This particular cruise was exciting because we tried this special seafloor drill rig for the first time. It’s huge. It’s almost 10 tons. It needs seven 20-foot containers of equipment to be shipped. There are only two of them available on the planet right now. They were developed and built in Bremen, Germany, at the Center for Marine Environmental Sciences (MARUM).
For this drill rig, you need special conditions. It sits on the seafloor and it’s connected with a long cable, in this case about 1,000 meters, for power supply and a glass fiber cable that ensures the communication. We have [eight] HD cameras that are observing each step. We the scientists are standing behind the technicians, because they are the specialists, in the communication container with all the screens that show you what’s going on.
Daniel Gross
It must look like a cockpit of an airplane.
Johann Klages
Yeah, or like in Houston when rockets go up. It’s very exciting. We know, when we drill, that no one has seen this material before.
It’s also extremely exciting because sea ice drifting toward the ship would be the end of the cable. Canceling the drill takes five to six hours. Therefore, we have a joint collaboration with the German aerospace center, and every day we get high-resolution imagery of the particular location where we drill. Then we have two helicopters on board. We fly around the ship to make sure there is no sea ice.
You need around 30 to 50 hours of operation time on one particular location. So for this time window, you have to make sure that everything runs relatively smoothly.

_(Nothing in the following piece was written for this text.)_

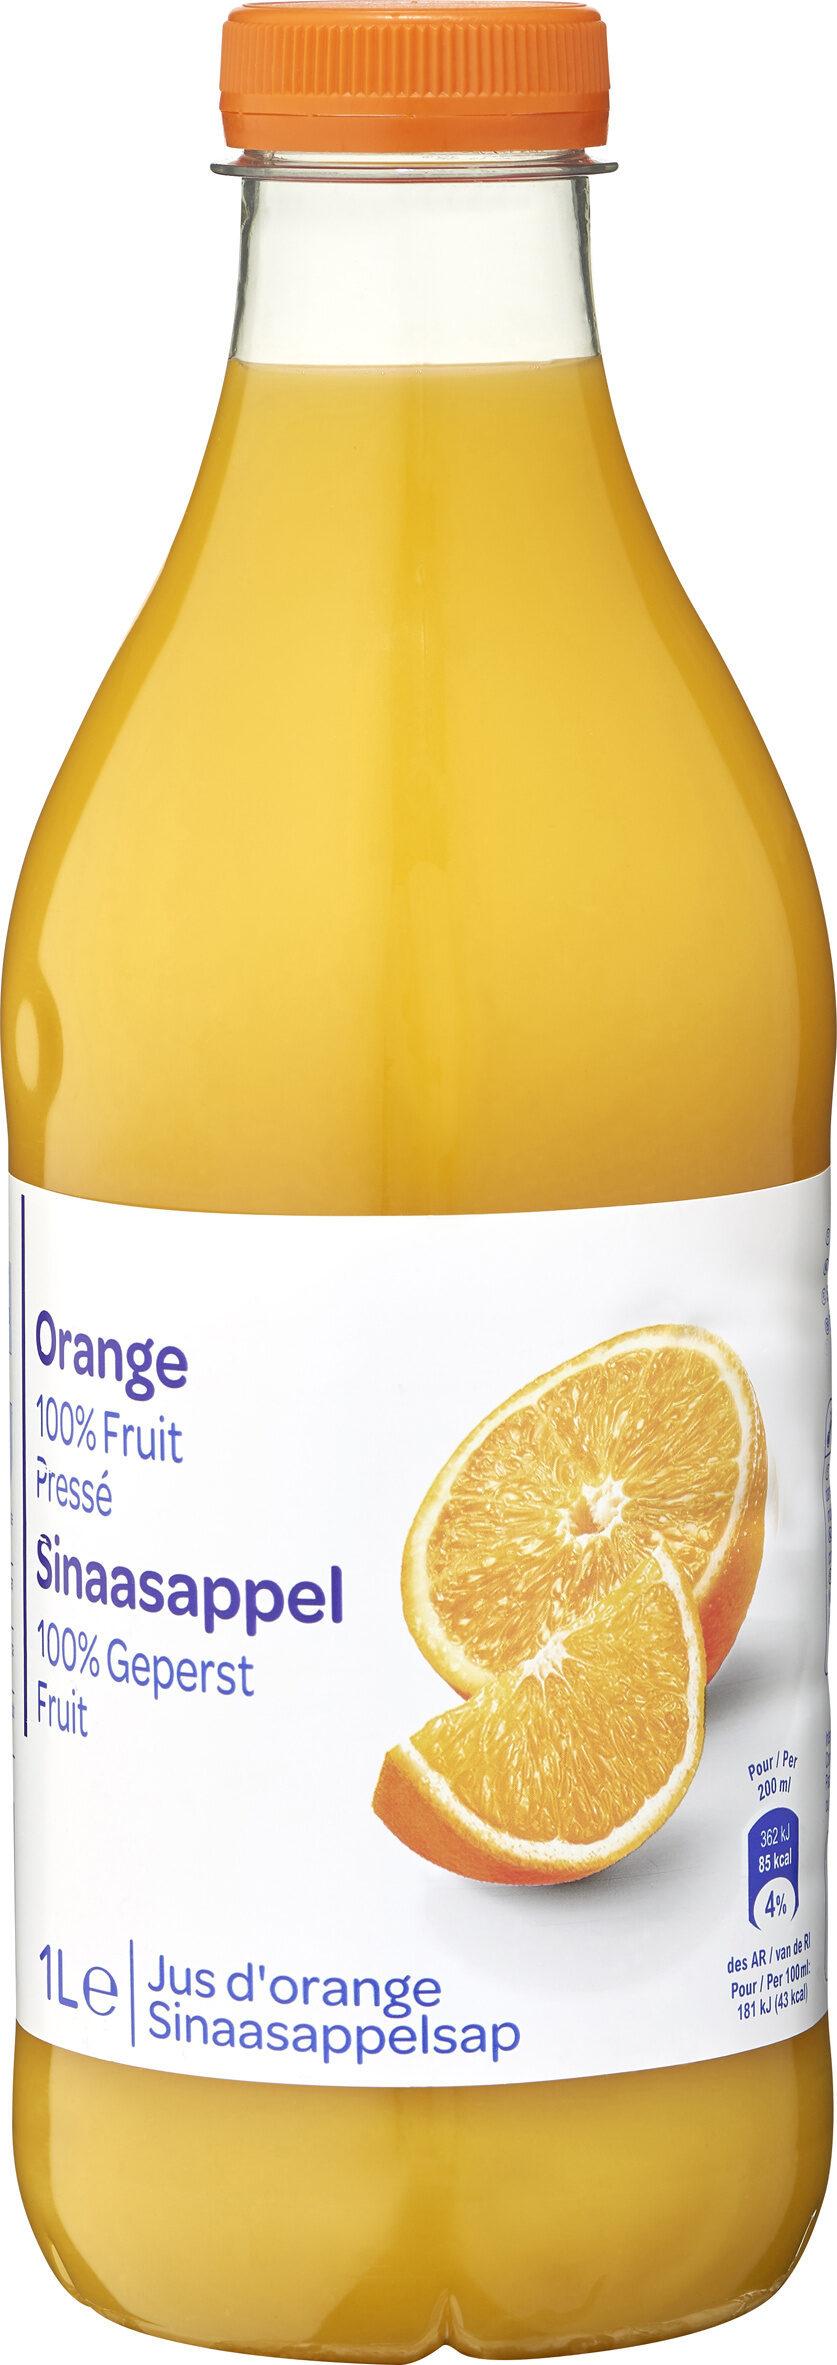 Orange 100% Fruit Pressé - Produit - fr

We had to drill through 25 meters [82 feet] of sandstone, which is always the worst to drill, especially when there’s water involved, because it crumbles and falls apart. It’s really annoying. The drilling crew wanted to cancel the drill because of the sandstone and because ice was coming. We had to decide. I think the ice was eight or nine hours away.
Daniel Gross
Can you tell me a little bit about the 2017 voyage itself?
Johann Klages
All Antarctic expeditions I’ve been a part of are extremely exciting because everywhere you go, usually, it’s for the first time. It’s like this white spot on the map. Every time we go there we discover new things.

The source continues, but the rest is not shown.